Die ÖVP muss sich etwas überlegen

Entweder die ÖVP sult sich weiterhin in ihrer Opferrolle oder sie zieht sich das Büßergewand an.
Es gibt Skandale, die jeder Partei passieren können. Die Veröffentlichung unfreundlicher interner Äußerungen über politische Mitbewerber gehört da sicherlich dazu. Dann gibt es Vorwürfe, namentlich jener des Postenschachers, die vorwiegend gegen jene Parteien erhoben werden, die in der Vergangenheit in Regierungsverantwortung waren. Und schließlich ist da die ÖVP, bei der diese Unannehmlicheiten gemeinsam auftreten. Ich spreche wohl eher keine große analytische Weisheit aus, wenn ich sage: Die Volkspartei wird sich etwas überlegen müssen.
Seitdem regelmäßig gegen neue Funktionäre Ermittlungsverfahren eröffnet werden, man es in einem Jahr auf drei Kanzler gebracht hat und die Öffentlichkeit feststellen durfte, dass die Parteispitzen unter einander auch nicht anders kommunizieren als Edmund Sackbauer mit seiner Familie, ist die ÖVP eher Passagier als Kapitän des politischen Geschehens. Mit dem Start des gegen sie gerichteten parlamentarischen Untersuchungsausschusses werden die Kamalitäten eher noch zunehmen.
Die ÖVP hat in Wahrheit nur noch zwei Optionen: Entweder sie sult sich weiterhin weinerlich in ihrer Opferrolle und lässt zu, dass ein ehemaliger Parteiobmann aus dem Exil Unterlagen verbreitet, mit denen er nicht nur dem Koalitionspartner sondern auch der eigenen Partei schadet, oder sie zieht sich das Büßergewand an, setzt einen klaren Schlussstrich und schickt ihre türkise Vergangenheit nicht nur personell, sondern auch ideologisch in die Wüste.
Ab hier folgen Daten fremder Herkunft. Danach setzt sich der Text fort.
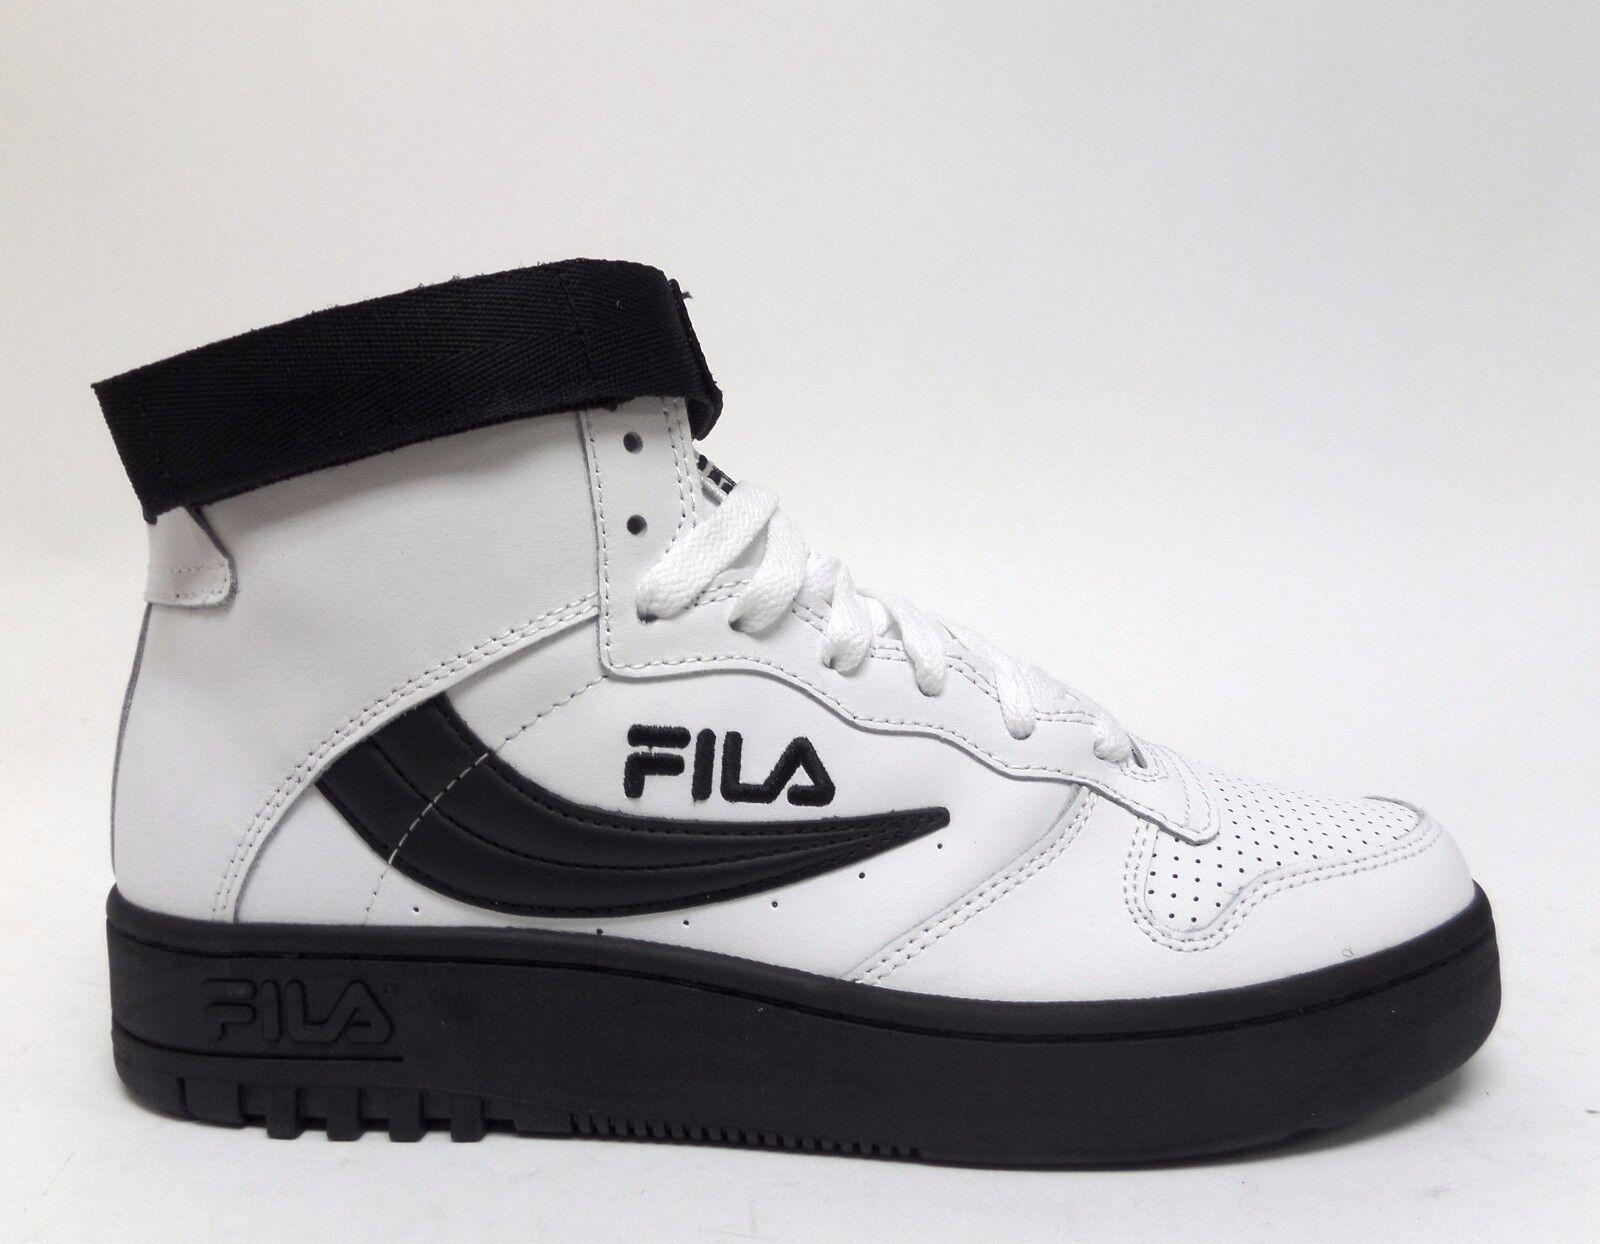 Fila deportes codigo de barras fx-100 negro hombres zapatos blanco / negro fx-100 1vb90153-112 Wild Casual Shoes a3930f
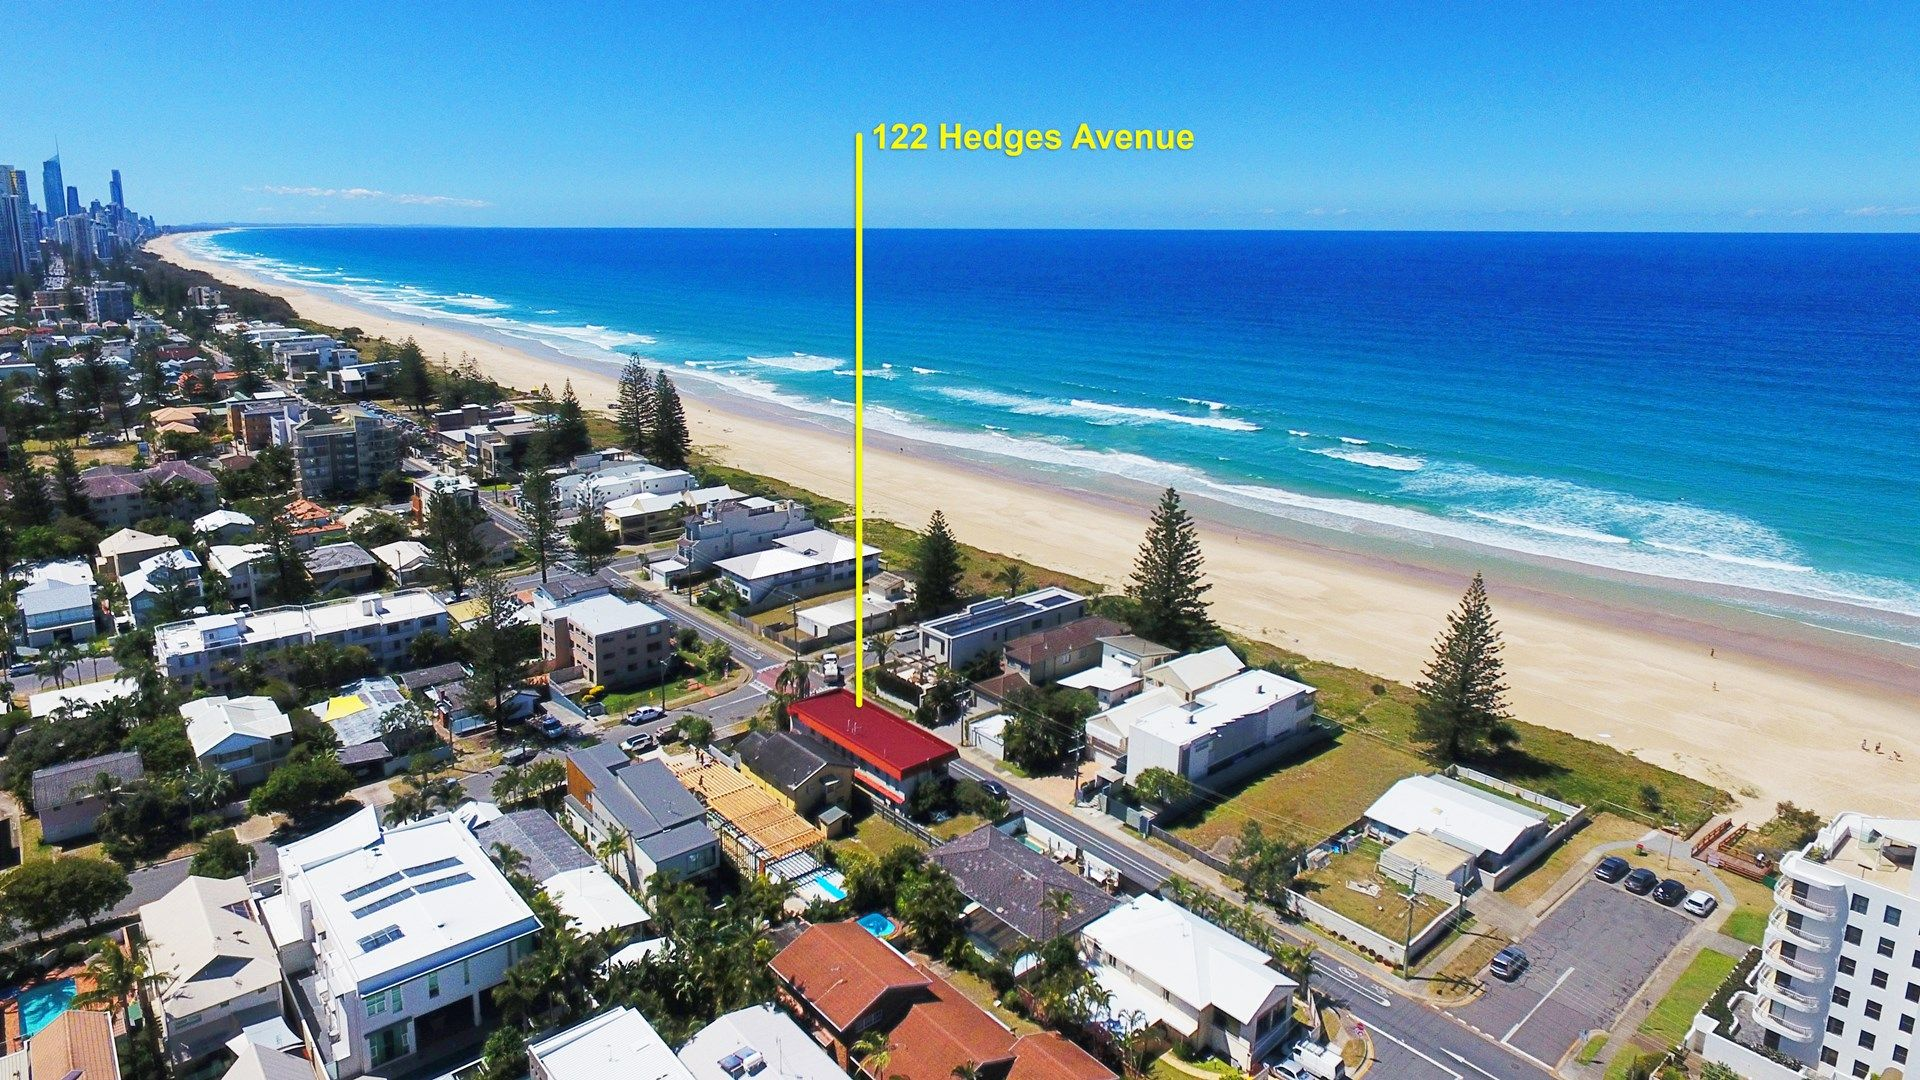 122 Hedges Avenue, Mermaid Beach QLD 4218, Image 0

Tatsächlich brauch die ÖVP einen Befreiungsschlag aus dem institutionalisierten Postenschacher noch dringender als die Republik. Wir sind an einem Punkt angelangt, an dem nicht nur im Innenministerium jeder Einzeller befördert wird, solange er der Volkspartei zugerechnet werden kann. Man muss diesen Umstand als das ansprechen was er ist: ein Verbechen. Wer minderqualifizierten Personen aufgrund ihrer Parteizugehörigkeit in öffentliche Positionen bringt, schädigt die Republik und begeht Amtsmissbrauch. Daran ändert auch die Tatsache nichts, dass man das „immer schon so gemacht“ hat. Eine Straftat wird nicht dadurch besser, indem man sie wiederholt begeht.
Aus diesem Sumpf, in dem die ÖVP derzeit am tiefsten steckt, kann sich die Politik allerdings nur selbst herausziehen. Dagegen spricht das eingefleischte Machtverständnis: Politische Bedeutung hat in diesem System nur, wer an sein Umfeld Aufträge, Förderungen und Posten verteilen kann. Dass man den Staat bei jeder sich bietenden Gelegenheit wie eine Weihnachtsgans ausnimmt, bevor es jemand anderer tut, ist leider eine Grundmentalität der österreichischen Nation. Sie wird sich nur brachial oder gar nicht beseitigen lassen. Solange die Minister Einfluss auf die Personalauswahl im Bundesdienst haben, solange sie Ausschreibungen manipulieren und sogenannte Objektivierungskommissionen beeinflussen können, wird sich am System nichts ändern. Solange wird auch die ÖVP ihr zunehmend korruptes Image nicht abschütteln können.